Metadata-Version: 2.1
Name: threaded_async
Version: 1.2
Summary: A python library for running async code in background threads.
Classifier: Programming Language :: Python :: 3
Classifier: License :: OSI Approved :: Apache Software License
Classifier: Operating System :: OS Independent
Requires-Python: >=3.8
Description-Content-Type: text/markdown
License-File: LICENSE

# threaded\_async
A self-contained Python library for running async code in background threads.

Python offers two primary forms of concurrency: threads (`threading`) and
asynchronous coroutines (`asyncio`). This library provides support for running
asynchronous coroutines in background threads and includes synchronization
primitives that simplify coordinating between threaded and async code.

Note that in most cases, threading and coroutines are used independently, as
they serve different purposes and solve different problems. Before using this
library, it is worth considering whether combining the two is actually necessary
in your scenario.

## Quick start

Install the `threaded_async` library using `pip install threaded-async`.

Event loops can be created on a background thread by instantiating an
`AsyncRunner` and entering its context. Coroutines can be scheduled on these
background threads by creating a `BackgroundTask`:

```python
import asyncio
import threaded_async

async def foo() -> int:
  """Sleep and return a number."""
  await asyncio.sleep(0.1)
  return 10

with threaded_async.AsyncRunner() as runner:
  # Deploy the coroutine as a task on the background thread's event loop.
  background_task = runner.create_task(foo())
  # Block the current thread waiting for the task to complete.
  print(background_task.wait())
```

A number of synchronization primitives are also provided for bidirectional
communication between threads and async code.

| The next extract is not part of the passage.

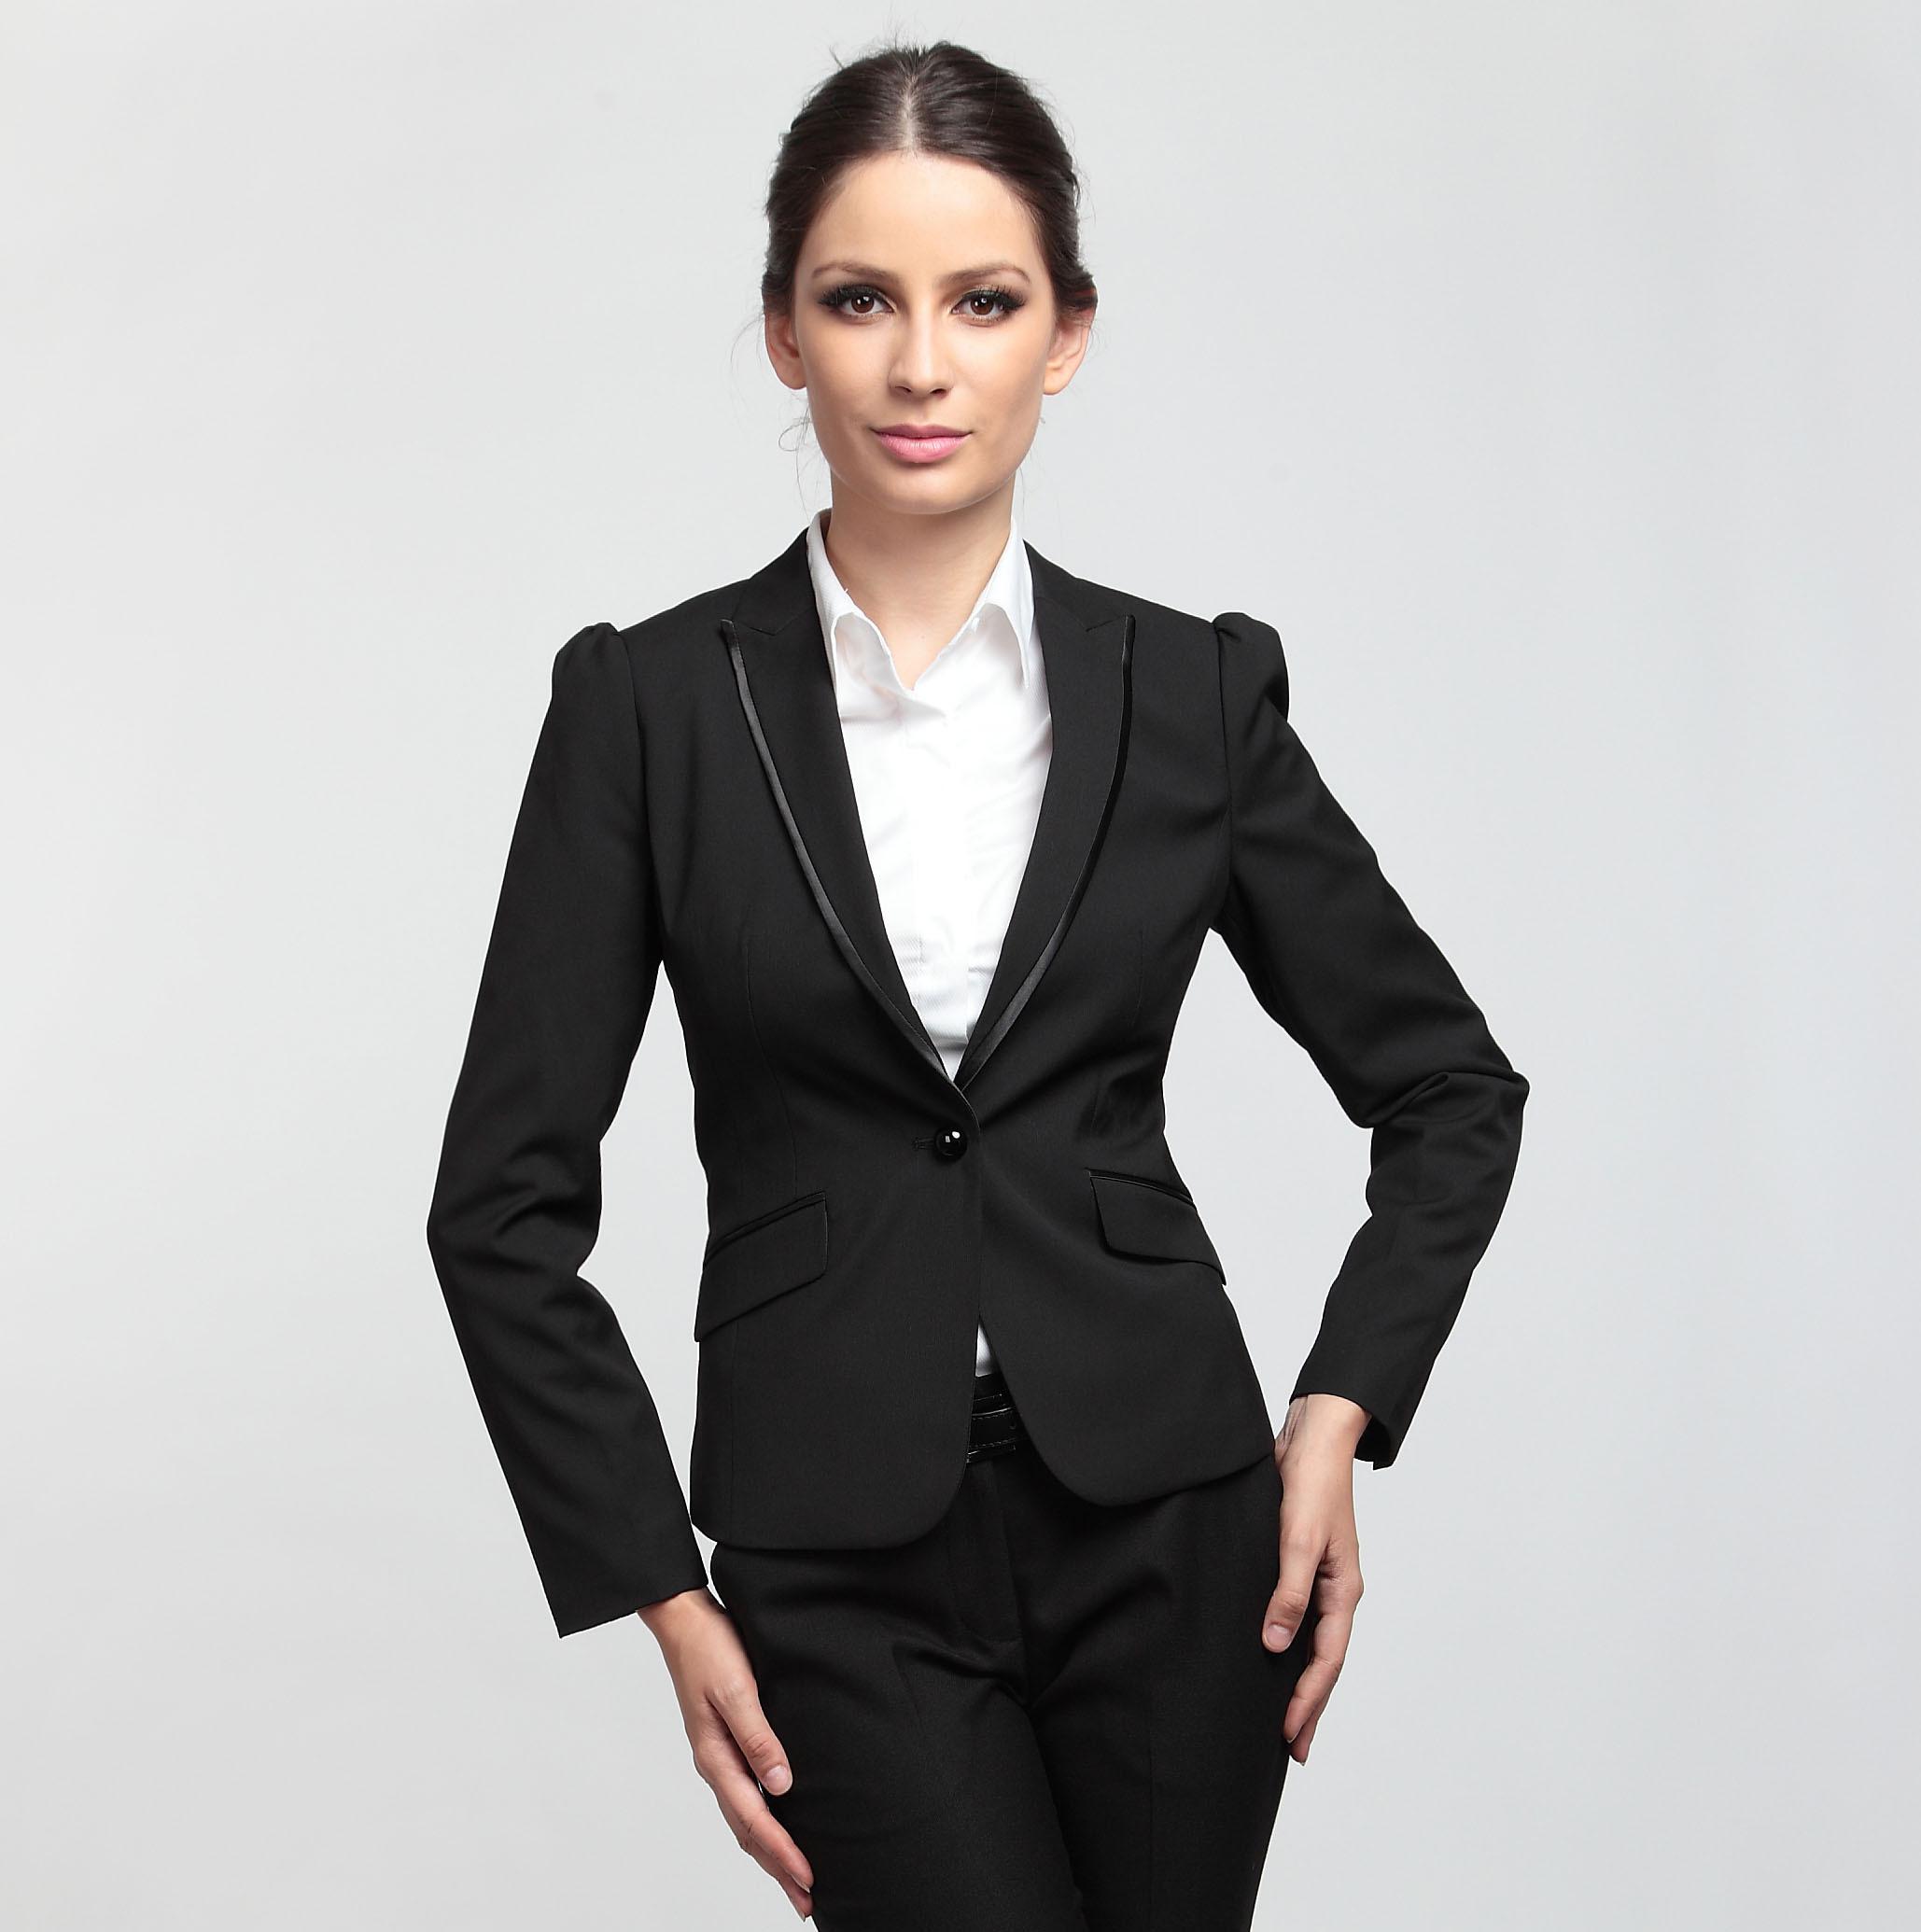 W94/g2000女西装秋冬女装西装套装 时尚竖纹免烫修身小西装外套女

These include `Event`, `Queue` and
`Future`. Below is an example of running an async worker that processes a queue
filled by the main thread:

```python
import threaded_async

async def increment_worker(
    in_queue: threaded_async.Queue[int],
    out_queue: threaded_async.Queue[int]):
  """Increment integers from in_queue and put them in out_queue."""
  while True:
    number = await in_queue.get()
    await out_queue.put(number + 1)

with threaded_async.AsyncRunner() as runner:
  in_queue = threaded_async.Queue[int](runner)
  out_queue = threaded_async.Queue[int](runner)
  background_task = runner.create_task(increment_worker(in_queue, out_queue))
  for i in range(10):
    in_queue.put_wait(i)
    print(out_queue.get_wait())
  background_task.cancel()
```

## Control inversion

In some scenarios (e.g., AI scripts controlling video games), it is useful to
be able to deploy async code that interacts with an API, such that the timing
of when API calls are fulfilled is under the precise control of another thread.

Consider the following example script:

```python
async def client_code(client: Stub):
  for i in range(10):
    print(f'Client got: {await client.increment(i)}')
```

Typically, calling the `increment` function would trigger server code that
computes the appropriate result, but we would like the server to decide when to
process client requests. We refer to this pattern as _control inversion_, since
instead of the client request triggering work on the server, the server triggers
the client by providing results to past requests.

This can be accomplished by using queues as described above, but
`threaded_async` provides a convenience `Server` and `Client` class to support
this use case.

```python
from threaded_async.control_inversion import ExecutionRequest
from threaded_async.threaded_async import Future

class Stub(threaded_async.Client):
  """The interface between async coroutine and main thread."""
  async def increment(self, number: int) -> int:
    return await self.execute(Stub.increment, number)

class MyServer(threaded_async.Server):
  """A server that processes increment requests."""

  def _handle_request(
      self, request: ExecutionRequest[int], future: Future[int]):
    if request.fun == Stub.increment:
      # Handle increment request.
      (number,) = request.args
      future.set_result(number + 1)
    else:
      assert False, f"Unknown function {request.fun}"

server = MyServer()
with server:
  client = Stub(server)
  server.create_background_task(client_code(client))
  for i in range(3):
    print('Processing new client requests')
    server.process()
```

This will output the following (assuming synchronized printing):
```
Processing new client requests
Client got: 1
Processing new client requests
Client got: 2
Processing new client requests
Client got: 3
```

The client code waits on the request to the server until the `server.process`
function is called, which provides results and allows the client code to resume
execution.


## Development

To work in the development environment, you will need python 3.8 and pipenv
installed on your system. The following commands can be used to download the
code, set up the environment and run tests.

```bash
git clone https://github.com/agentic-ai/threaded_async.git
cd threaded_async
pipenv sync --dev
pipenv shell
./presubmit.sh  # Run tests / lint / typecheck
```

You can find the github repository
[here](http://github.com/agentic-ai/threaded_async).

Before submitting a pull request, please ensure `./presubmit.sh` completes
without errors.

## More information

Additional information, e.g., about error handling and shutdown behavior can
be found in the [cookbook](examples/cookbook.ipynb).